Sometimes, traveling abroad is already challenging enough on our own. But with a toddler, it can be way more than that yet it’s a truly rewarding experience. For a smooth and stress-free international trip with your little ones, it’s essential to be well-prepared before, during, and after the flight—this sparked a couple’s interest and made them ask for some tips in an online forum.
1. Snack Time
“Snacks and snacks and snacks and then some more snacks,” as one user puts it. When traveling with little ones, they can become restless and fidgety, and it’s so challenging to keep them entertained. The reason is that food not only serves as a distraction but also provides a sense of comfort for them (this is true even for us, adults!) during flights by creating a somewhat familiar and soothing environment for them. Just don’t forget to consult their doctor about what to pack.
2. The Infamous Airplane Ear Pop
Talk to your child’s doctor about any suggestions for decongestion on the plane. A decent decongestant will be highly effective if administered before you reach great altitudes; it is suitable for pain management, not just for when they are sick.
3. No Overnight Flights
With the other adult passengers in mind, many suggest avoiding overnight flights if you are flying with a toddler. Unfortunately, many make the mistake of assuming their little ones will sleep through the entire plane ride.

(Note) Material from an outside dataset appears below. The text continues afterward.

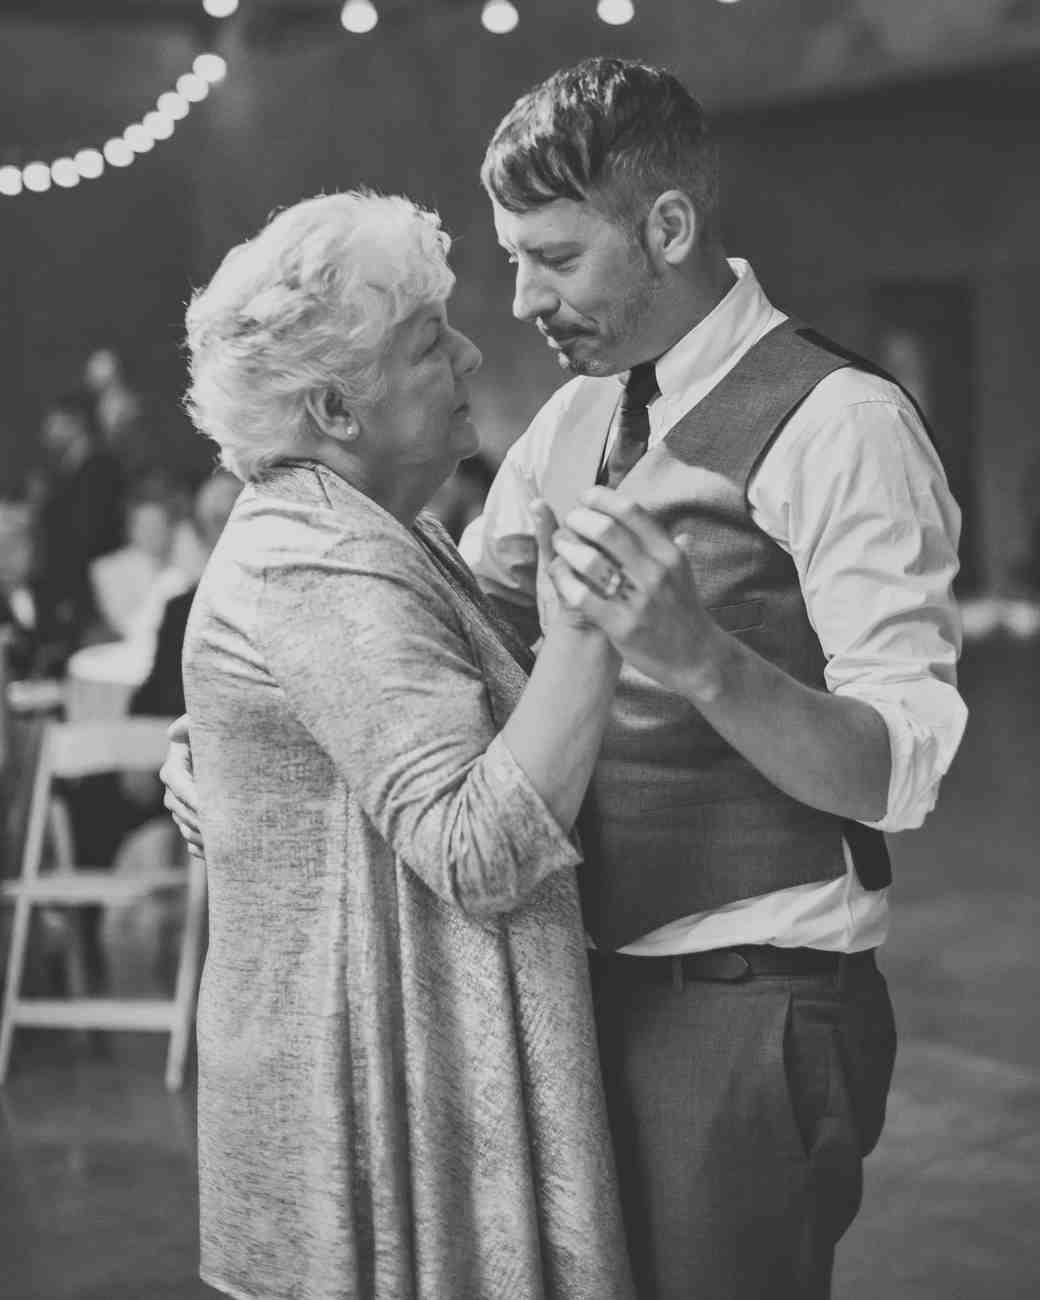 lara-chad-wedding-momdance-926-s112306-1115.jpg
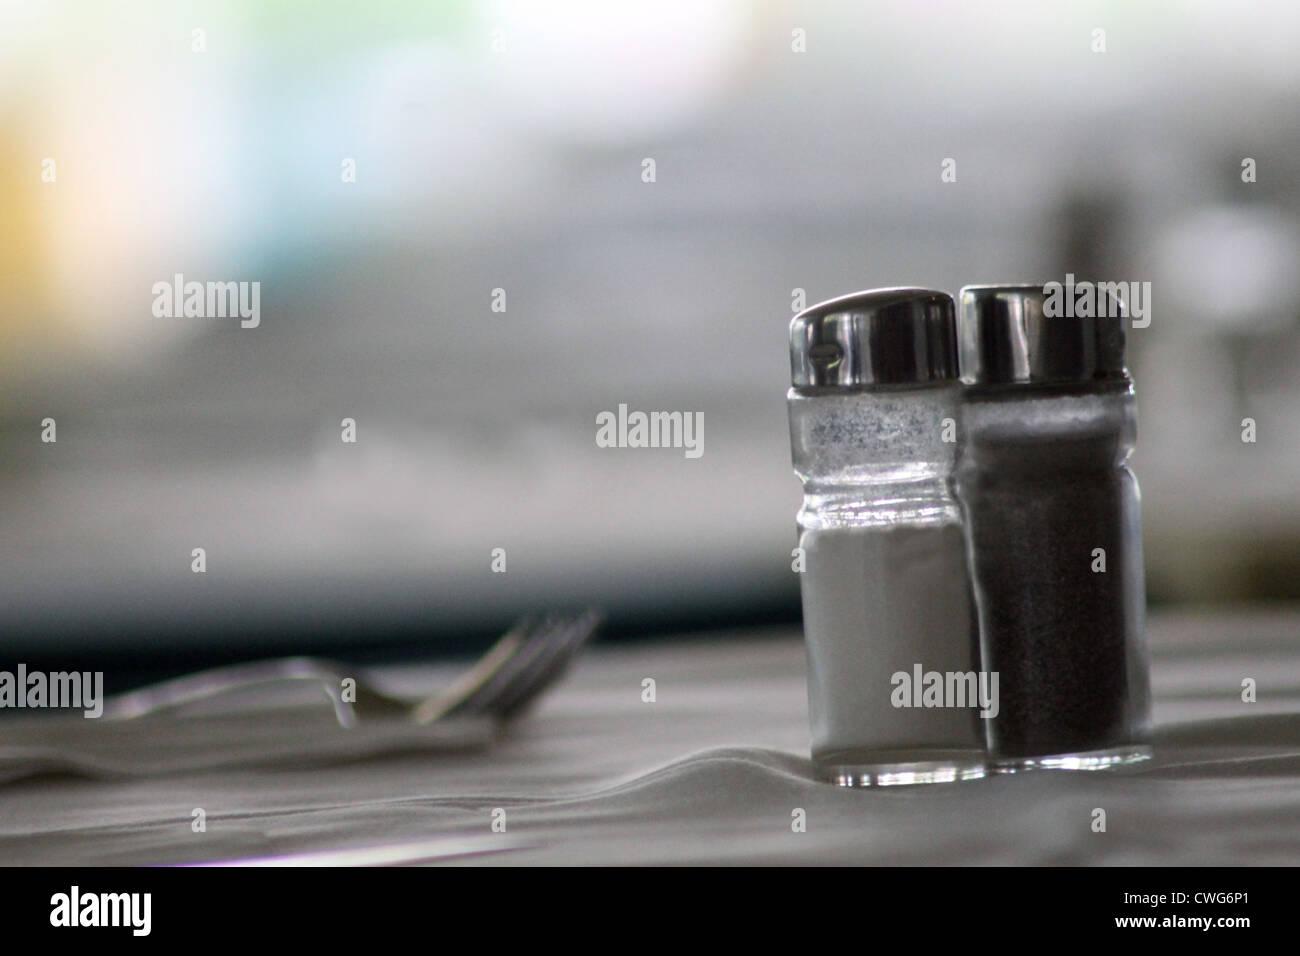 Salero y pimentero de mesa con horquilla y copie el espacio, concepto de comida y bebida. Imagen De Stock

They don’t; the plane is dark, so you are exhausted, and the baby won’t stop crying. But, on the other hand, your kiddo won’t remember anything before the age of six anyway, so don’t worry if the plane ride is a nightmare.
4. Try Bulkhead Seating
Bulkhead seating is an excellent pleasure if you would like a little more legroom to maneuver in with you and your toddler. The Bulkhead is a fixed wall, meaning it lacks a row of seats directly in front of you. The only downside is there’s no seat in front of you, so it lacks an under-seat storage area.
5. Prepare Them for the Flight
One parent offered the option of informing your child of the coming events. Yes, they are toddlers and may not show it, but they comprehend very well if you take your time and explain it to them. This user added they bought their toddler “a book about a kid flying on a plane.
We read it often and talked about each part of the trip, from packing to getting off and changing planes, then getting off and finding Grandma.” And they also bought a big pack of earplugs for the passengers around them on the flight in case things didn’t work out with the book.
6. Get Yourself Plenty of Mini-Books
7. Murphy’s Law and a Toddler Go Hand-in-Hand
Toddlers fulfill Murphy’s Law because they are pure chaos. Potty time is not convenient on a plane, so always keep some backup clothes and underwear in case they are ruined because of accidents. Be sure to keep a tight grip and a close eye on your child while moving through the airport, especially if you have an adventurous kid.
8. Anything You Don’t Want To Lose Should Be Attached
Most people would disagree with putting a leash on your child but are not opposed to attaching valuable items. If it is something you don’t want them to lose, it should be attached to either yourself or your little one. For example, your daughter’s favorite teddy bear should be tethered to her waist or your body in some fashion.
9. One Parent On, One Parent Off
Dual-parent flights should be done in shifts; one parent on, one parent off. It may not be fun for the parent on baby duty, but it’s best for all parties involved. Someone has to “be aware and make smart decisions when traveling internationally with a family.” On the return flight home, the parents alternate responsibilities.
10. If Accessible, Change Diapers in the Restroom
Most flights will have a changing table in the restroom to change your toddler’s diaper. Understandably, all flights won’t have this convenience, but please do not use the seat back trays. That’s not sanitary, and the smell lingers throughout the airplane’s pressurized cabin.
11. Exhaust Them Before the Flight
Get a bunch of paper bags, fill them with toys, crayons, coloring books, etc., and have them ready. The number of bags you pack depends on how long the flight may be. The final poster suggested “breaking one out every two-three hours. It was also a reward for behaving well.”